(ABOUT THIS EXERCISE) When the data below is printed, every line must match exactly and the images must be absent.

(GIVEN INFORMATION)
----------

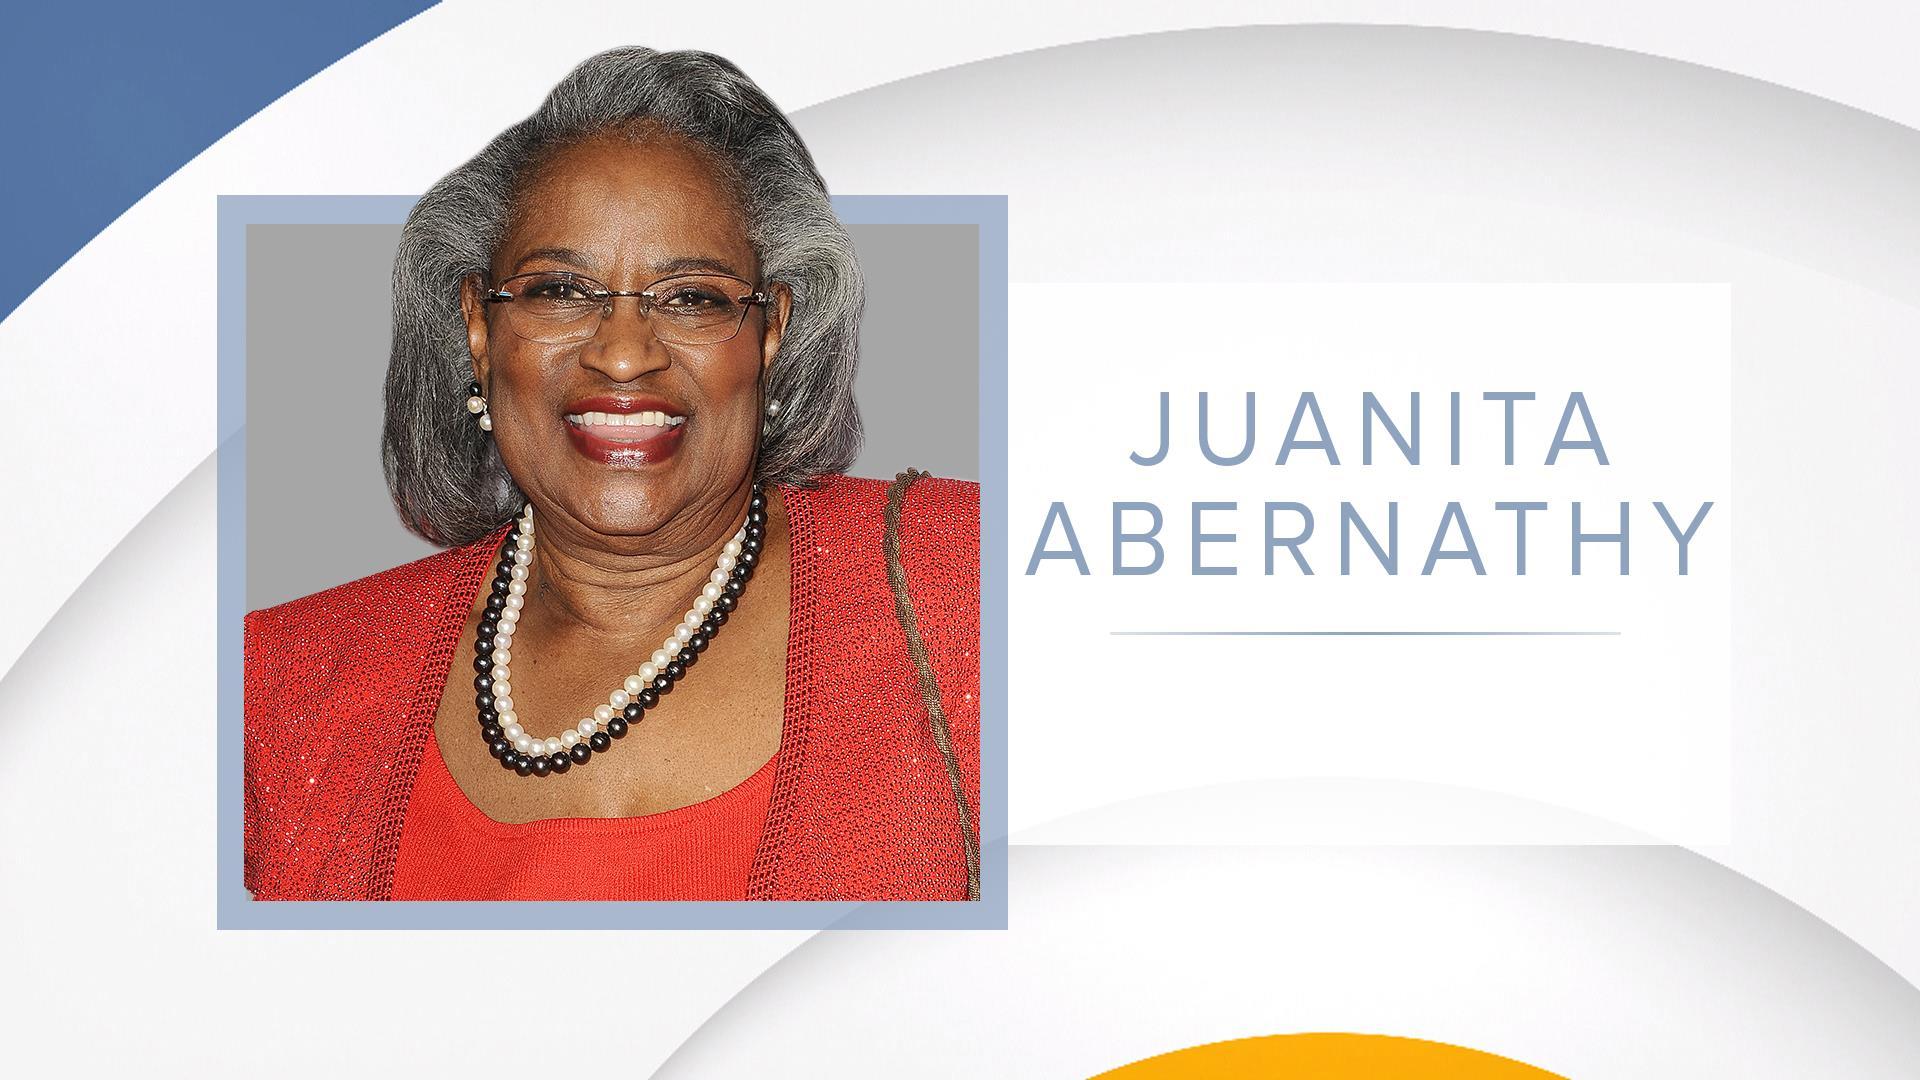 Civil rights advocate Juanita Abernathy dies
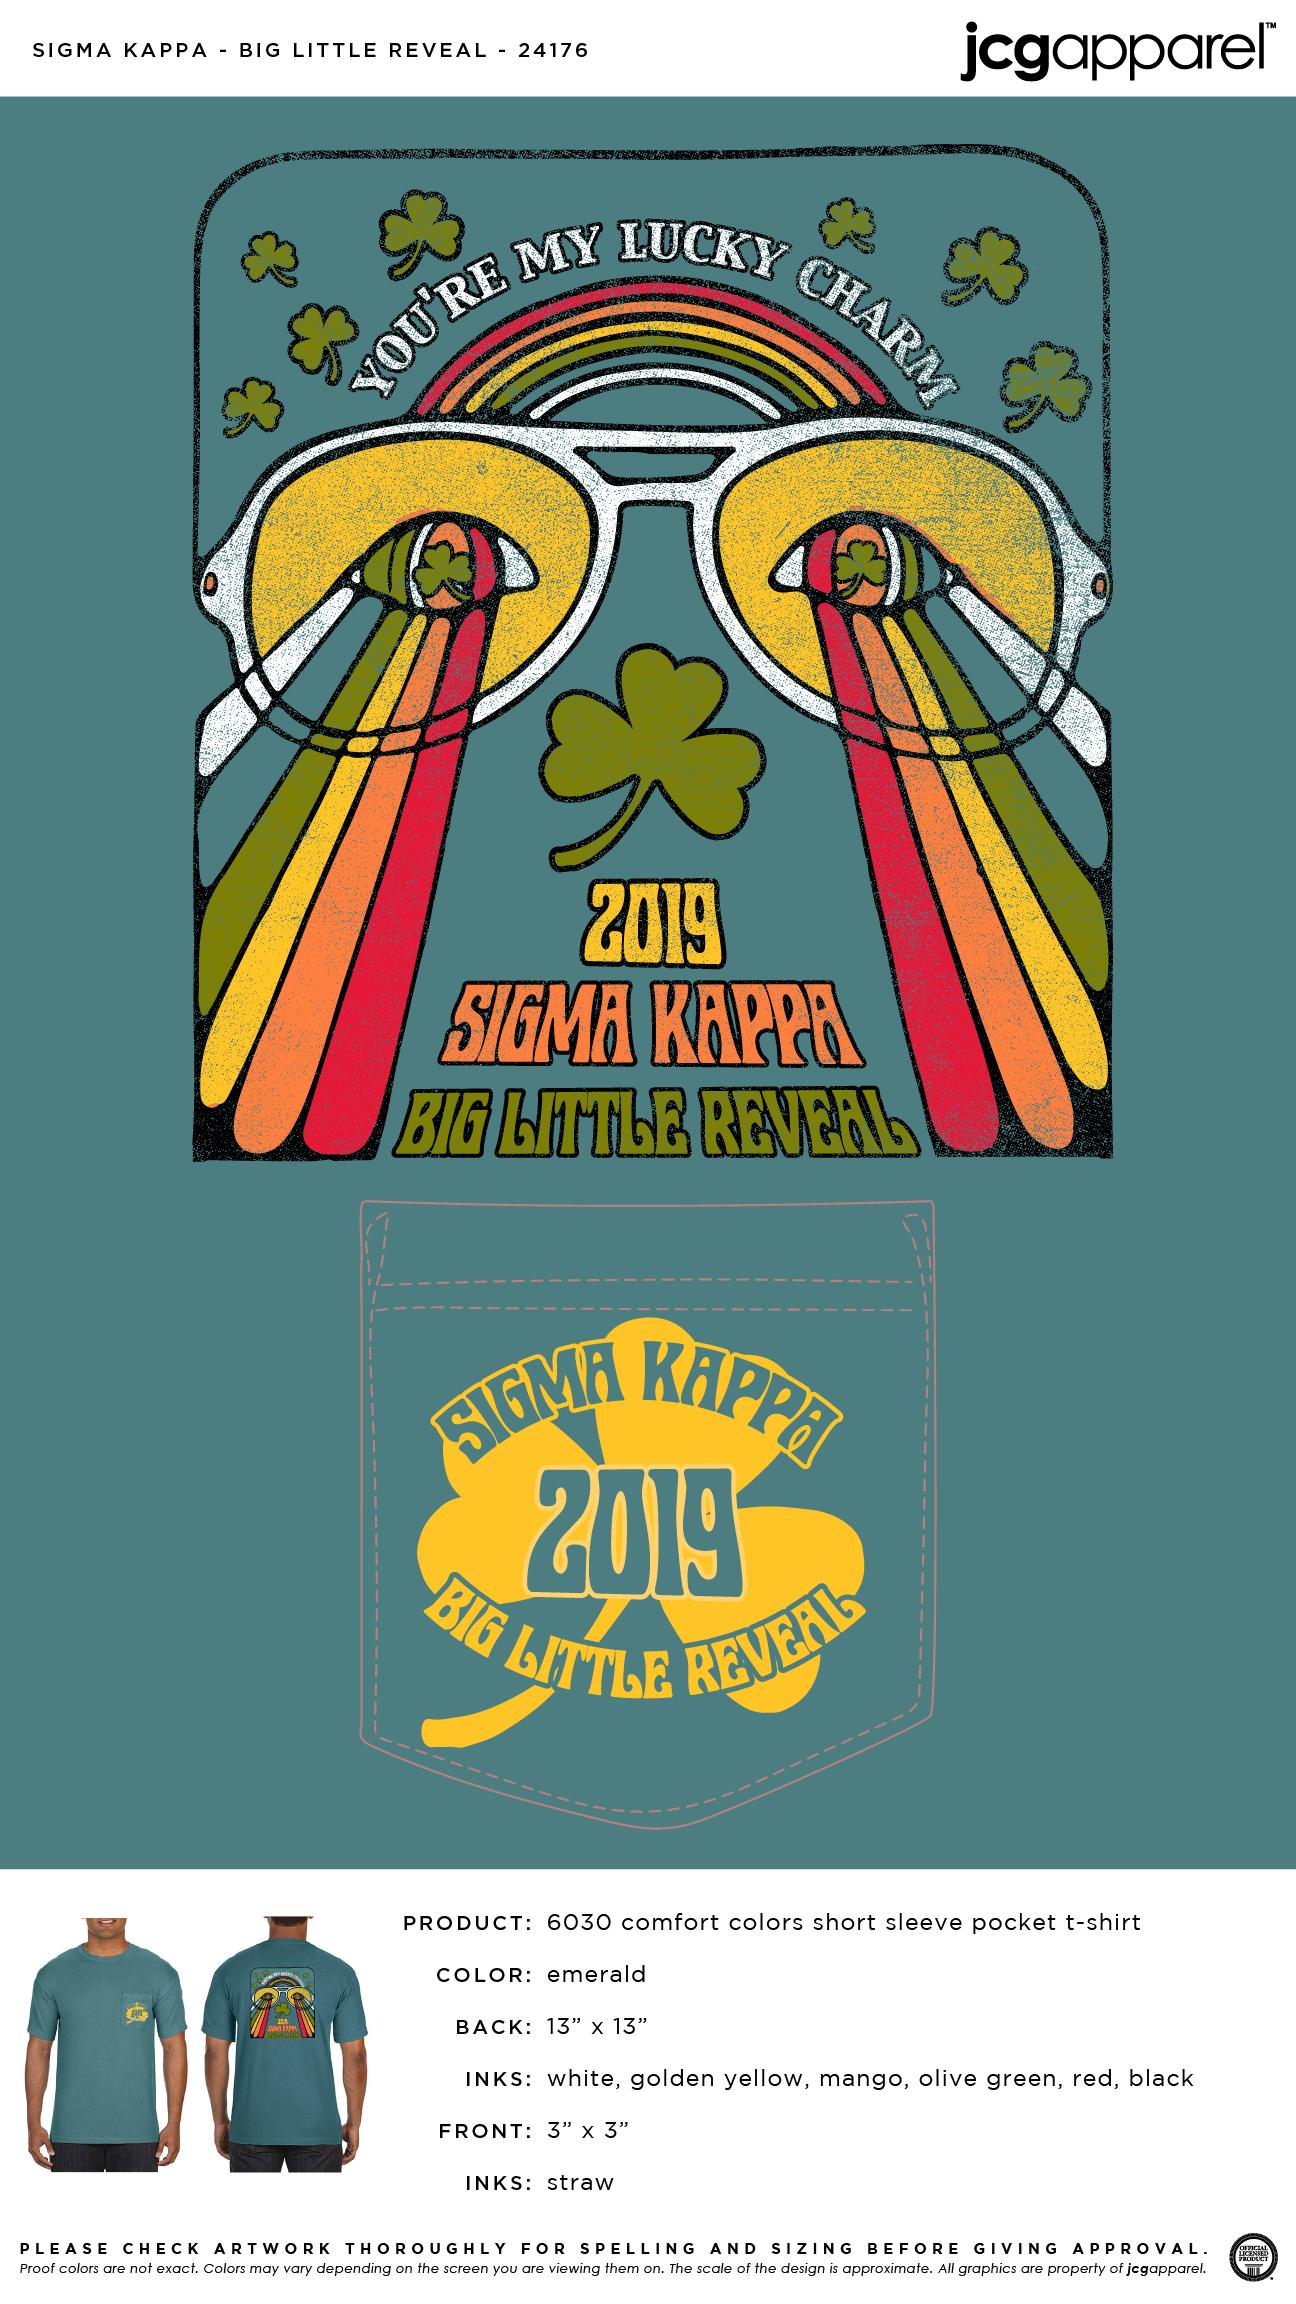 Sigma Kappa Big Little Reveal Shirt | Sorority Big Little Reveal | Greek Big Little Reveal #sigmakappa #sk #big #little #reveal #lucky #charm #sunglasses #biglittlereveal
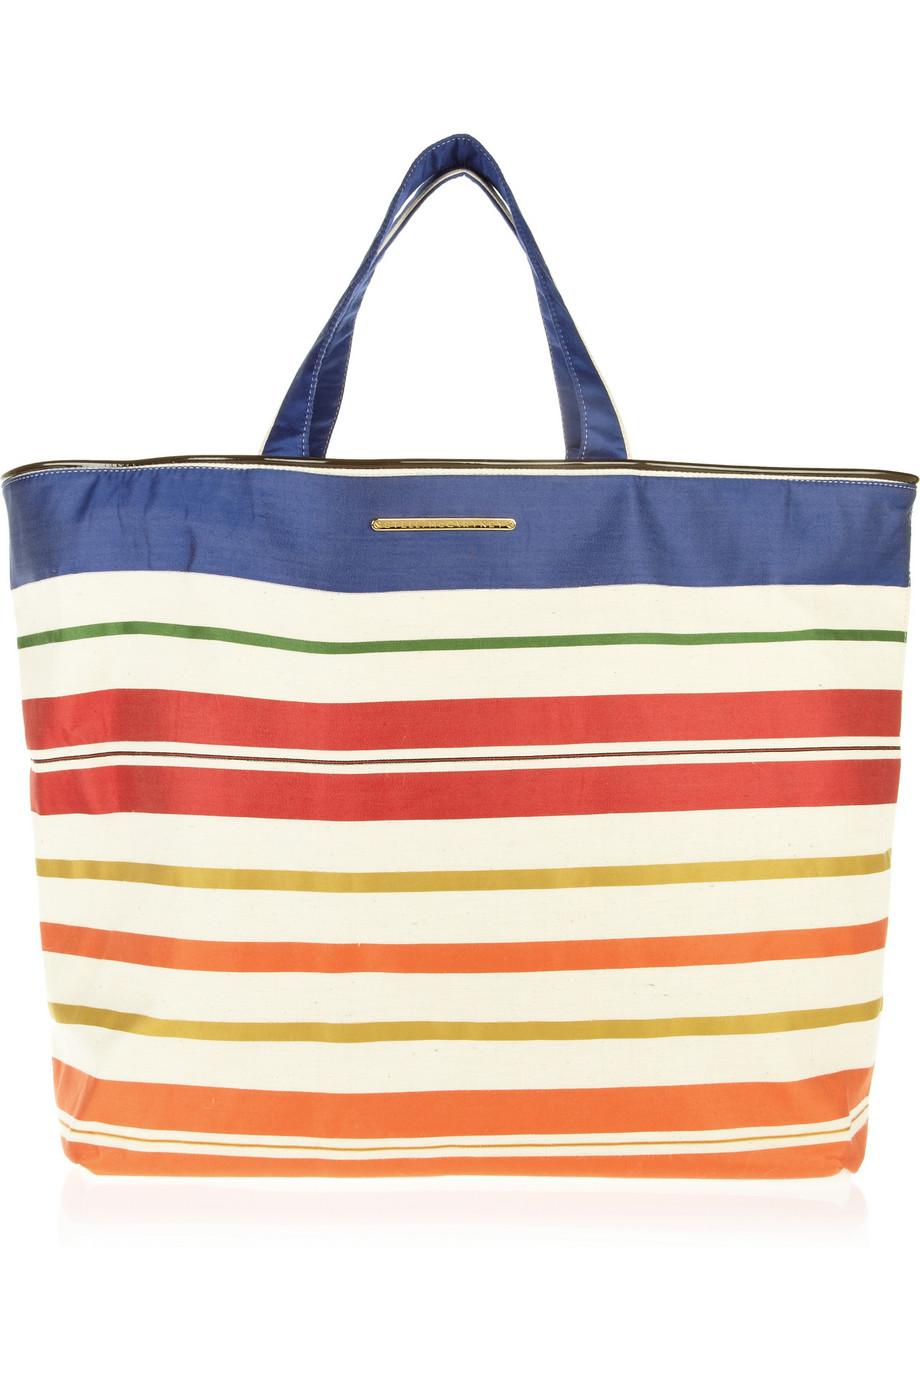 Stella mccartney Vanessa Striped Cotton Beach Bag in Blue | Lyst
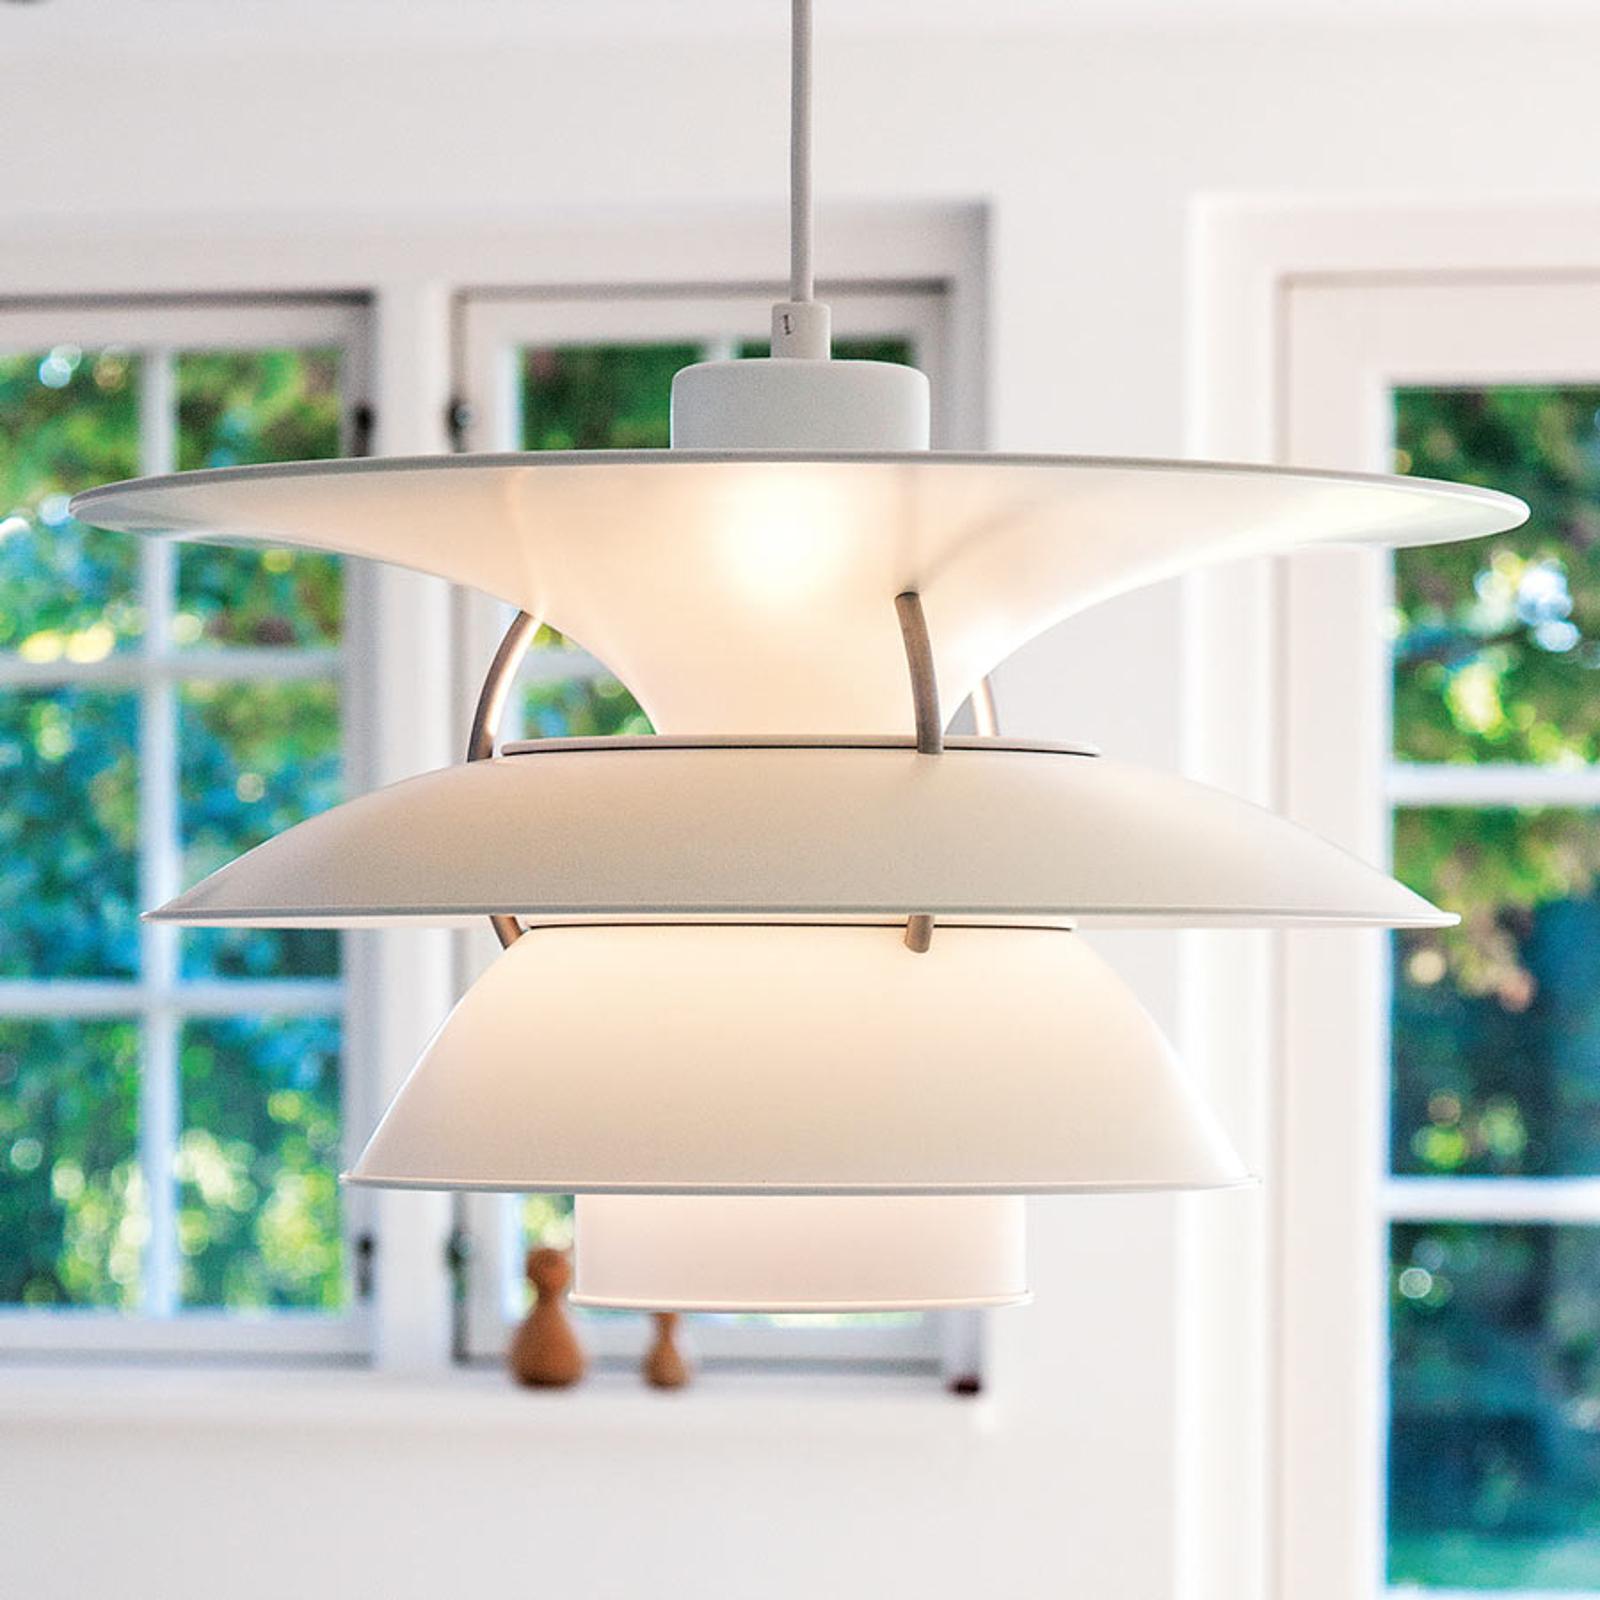 Design hanglamp PH 5-4 1/2

----------

(YOUR SOLUTION)
 Civil rights advocate Juanita Abernathy dies
 Sigma Kappa Big Little Reveal Shirt | Sorority Big Little Reveal | Greek Big Little Reveal #sigmakappa #sk #big #little #reveal #lucky #charm #sunglasses #biglittlereveal
 Stella mccartney Vanessa Striped Cotton Beach Bag in Blue | Lyst
 Design hanglamp PH 5-4 1/2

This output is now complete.